Foucault, lui aussi, a rencontré des difficultés. Certains lecteurs pensaient que son compte rendu du pouvoir était si omniprésent que la résistance devenait inexplicable, comme s'il n'y avait pas d'extérieur à partir duquel la critique pouvait surgir. D'autres s'inquiétaient qu'en historicisant trop agressivement la vérité, il brouillait la distinction entre connaissance justifiée et simple domination. Les travaux ultérieurs de Foucault sur l'éthique ont tenté de répondre en partie à cela en étudiant comment les sujets se constituent eux-mêmes, mais la tension de base est restée : si l'on refuse les fondements transcendantaux, d'où vient la force normative ? Cette question importait dans des institutions concrètes, surtout là où la connaissance portait autorité. Les généalogies de Foucault sur les prisons, les cliniques et le discours sexuel ont montré comment les régimes de vérité se forment ; mais montrer comment ils se forment n'est pas encore montrer comment ils devraient être jugés. Le pouvoir critique du mouvement résidait dans l'exposition de la contingence de ce qui avait été considéré comme naturel.
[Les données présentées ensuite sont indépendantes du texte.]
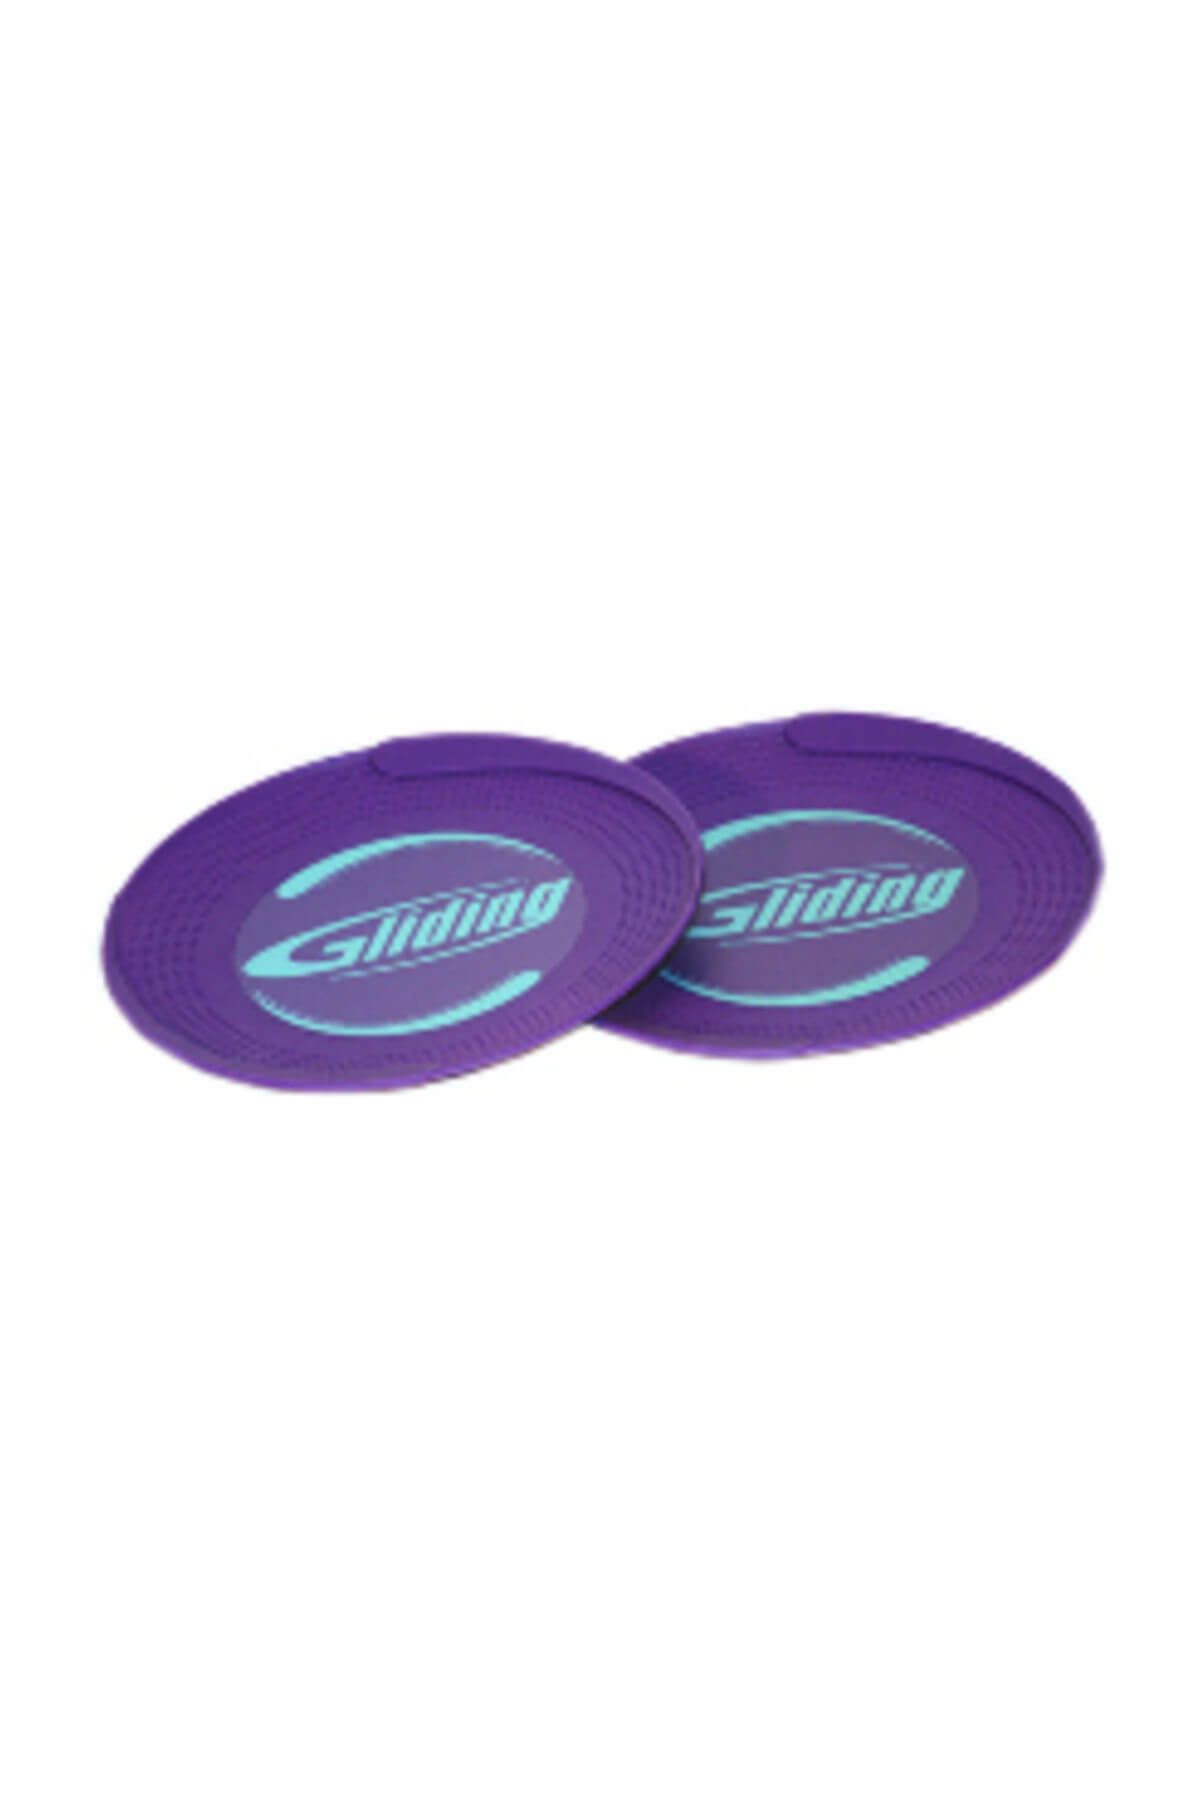 Finspor Egzersiz Diskleri Gliding Hardwood Floor Discs

Sa vulnérabilité résidait dans la difficulté de traduire l'exposition en normativité.

La phrase de Lyotard sur l'incrédulité envers les métanarrations est également plus modeste que certaines appropriations ultérieures. Il ne recommandait pas un festin d'arbitraire sans fin. Il notait une condition dans laquelle les jeux de langage concurrents ne se soumettent plus à un seul tribunal dominant. Le problème est que cette pluralité même peut devenir un principe en soi, une nouvelle orthodoxie de la différence. Une fois cela arrivé, le postmodernisme peut sembler moins une libération qu'un style de résignation éduquée. Le point est affûté par la vie institutionnelle : les universités peuvent absorber le pluralisme dans les catalogues de cours, les musées peuvent transformer la fragmentation en design d'exposition, et l'édition peut emballer le scepticisme en une marque reconnaissable. Ce qui commence comme un argument contre la totalité peut devenir une habitude professionnelle. Le danger n'est pas seulement la fatigue intellectuelle. C'est la possibilité que la critique devienne un rôle social stable, qui reconnaît chaque fracture sans jamais exiger de réparation.

Une surprise historique a affûté la critique. Le mouvement qui avait autrefois semblé radical était de plus en plus discuté dans les universités, les galeries et les revues comme le dernier canon. Ce qui avait commencé comme une suspicion de l'autorité pouvait devenir un maniérisme accrédité. Ce sort ne réfutait pas les idées, mais il exposait une faiblesse humaine commune : même la critique des systèmes peut être systématisée. En ce sens, la trajectoire du postmodernisme ressemble à la vie institutionnelle de nombreuses avant-gardes du XXe siècle. Un langage né pour déstabiliser les formes officielles devient partie intégrante du programme officiel. Un style né contre le centre se retrouve logé dans les salles les plus visibles du centre. La transformation n'efface pas le défi original, mais elle change sa cible. Une fois que le mouvement est canonique, la question n'est plus de savoir s'il peut attaquer l'orthodoxie. C'est de savoir s'il peut encore se reconnaître lorsque l'orthodoxie a appris à parler son langage.

À un niveau plus profond, les objections demandent si le postmodernisme peut critiquer des vérités fixes sans introduire en contrebande un engagement fixe de sa part : envers la pluralité, l'anti-domination, l'indécidabilité, la dignité des voix marginales. La plupart des penseurs postmodernes ont accepté cette tension plutôt que d'y échapper. Ils n'ont pas offert une sortie pure des fondements ; ils ont proposé une manière de vivre après que les fondements aient perdu leur innocence. Le mouvement émerge du feu éprouvé, mais non sans égratignures. Ses critiques avaient raison de poser la question de l'autorité, car le postmodernisme dépend d'une norme qu'il ne peut finalement pas fonder sans contradiction : que les exclusions cachées comptent, que les vérités dominantes doivent être examinées, et que le monde n'est pas épuisé par les formes qui prétendent le décrire. C'est pourquoi le débat persiste. Les critiques du postmodernisme restent puissantes précisément là où elles demeurent incomplètes.